Grace Ndiritu - An Absolute River* was an exhibition, running from Wednesday 11th May - Saturday 16th July 2022, a public programme, which took place on Friday 13th and Saturday 14th May, and an accompanying publication, at LUX, London.
The exhibition and programme called upon artists to expand the public’s horizons of temporal divides of past, present and future. The global pandemic has caused many to question the dominance of linear time. Through moving image, live performance, workshops and text, the artists in this project investigated different subjectivities of time.

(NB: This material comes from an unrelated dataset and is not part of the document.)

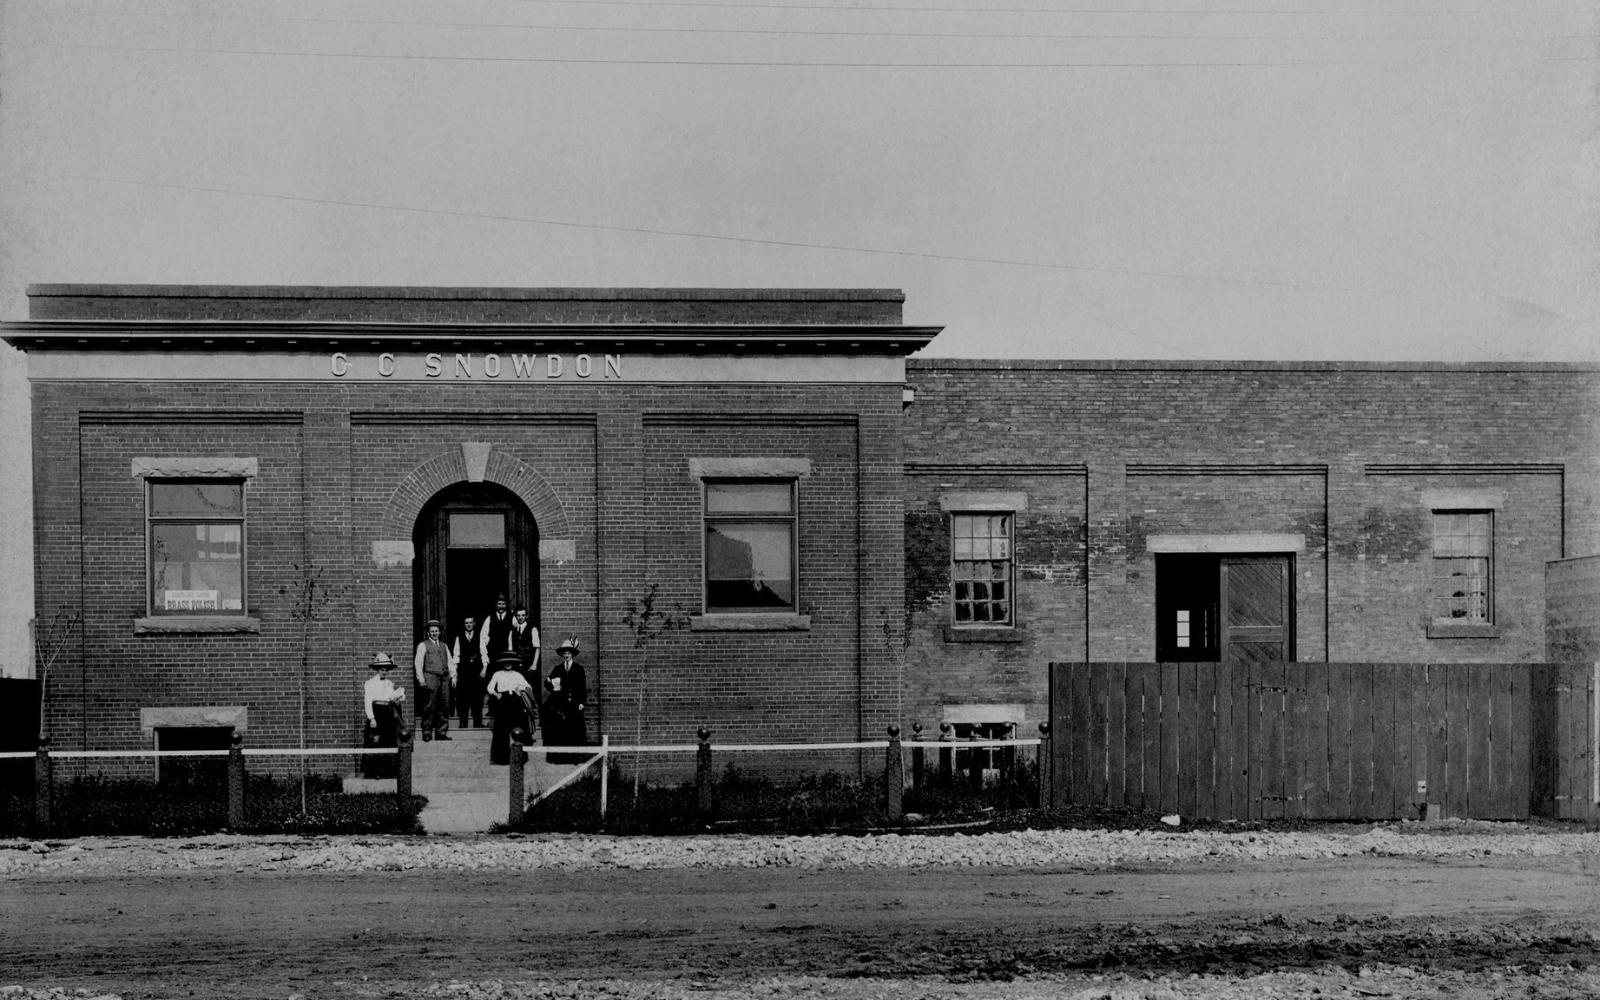 An historical photo of the outside of the c.c. snowdon building Calgary Heritage Roasting Companies coffee shop located in Calgary

The film-based exhibition was dedicated to the British Kenyan artist and activist, Grace Ndiritu (b.1982), whose practice is deeply concerned with our contemporary world seeing it through the twin lenses of healing and spirituality, by finding alternative ways for humanity to live. Her archive of over forty 'hand-crafted' videos; Post-Hippie Pop-Abstraction collages and shamanic performances reflect her alternative ways of looking and seeing the world through spiritual practice.
Inviting audiences to immerse themselves in Ndiritu’s two films: “A Week in the News: 7 places we think we know, 7 news stories we think we understand” (2010) and “Black Beauty” (2021), the exhibition reflected the artist’s explorations of “deep time”. The two works stood in dialogue with each other in two separate screening rooms to enable the viewers to see a continuity and development between the artist’s ideas across eleven years. Ndiritu’s intermediary film “Raiders of the Lost Ark” (2015) was screened online for the first week of the exhibition. Her films blur the lines between different time frames and explore themes of media, authorship and historical narratives, whilst expanding on notions of temporality.
Grace Ndiritu’s debut short film “Black Beauty” has been selected for prestigious film festivals including 72nd Berlinale in the Forum Expanded section (2022), 32nd FIDMarseille (2022), and British Art Show 9 (2022) . Most recently her work has been featured at Flat Time House (2022), British Art Show 9 (2021/2022), Nottingham Contemporary (2021) and Kunsthal Gent (2021).
*Grace Ndiritu - An Absolute River’s title derived from Borges’ theories on the fluidity of time. Borges features as a fictional protagonist in Ndiritu’s “Black Beauty”, and his notion of “An Absolute River” was inspired by Heraclitus’ “No Man ever Steps in the Same River Twice”.
In the accompanying public programme, artists Rieko Whitfield, Serena Huang and Dr Jason Allen-Paisant guided audiences through an atemporal journey. Inspired by Jorge Luis Borges’, the Argentinian writer, ideas around the mysterious nature of time, the exhibition and programme explored alternative ideas of time to widely accepted linear narratives.
The three contributors in the live programme each deal with critical conceptions of time in their practice. Visitors to the workshop led by Rieko Whitfield reflected on past histories through non-linear writing activities and guided meditation. Serena Huang invited her participants to reimagine potential futures using found objects to create a temporary work of theatrical art. Performing a soundscape with spoken word, Dr Jason Allen-Paisant explored the ways in which sound evades temporal categorisation and affects us differently to visual representations. The audience was invited to contemplate an unfinished past and imagine futures beyond linear time. The accompanying publication “Grace Ndiritu: An Absolute River” offered different perspectives of temporality, and gave audiences opportunities to interact with these themes and the screenings in a tangible and enduring way.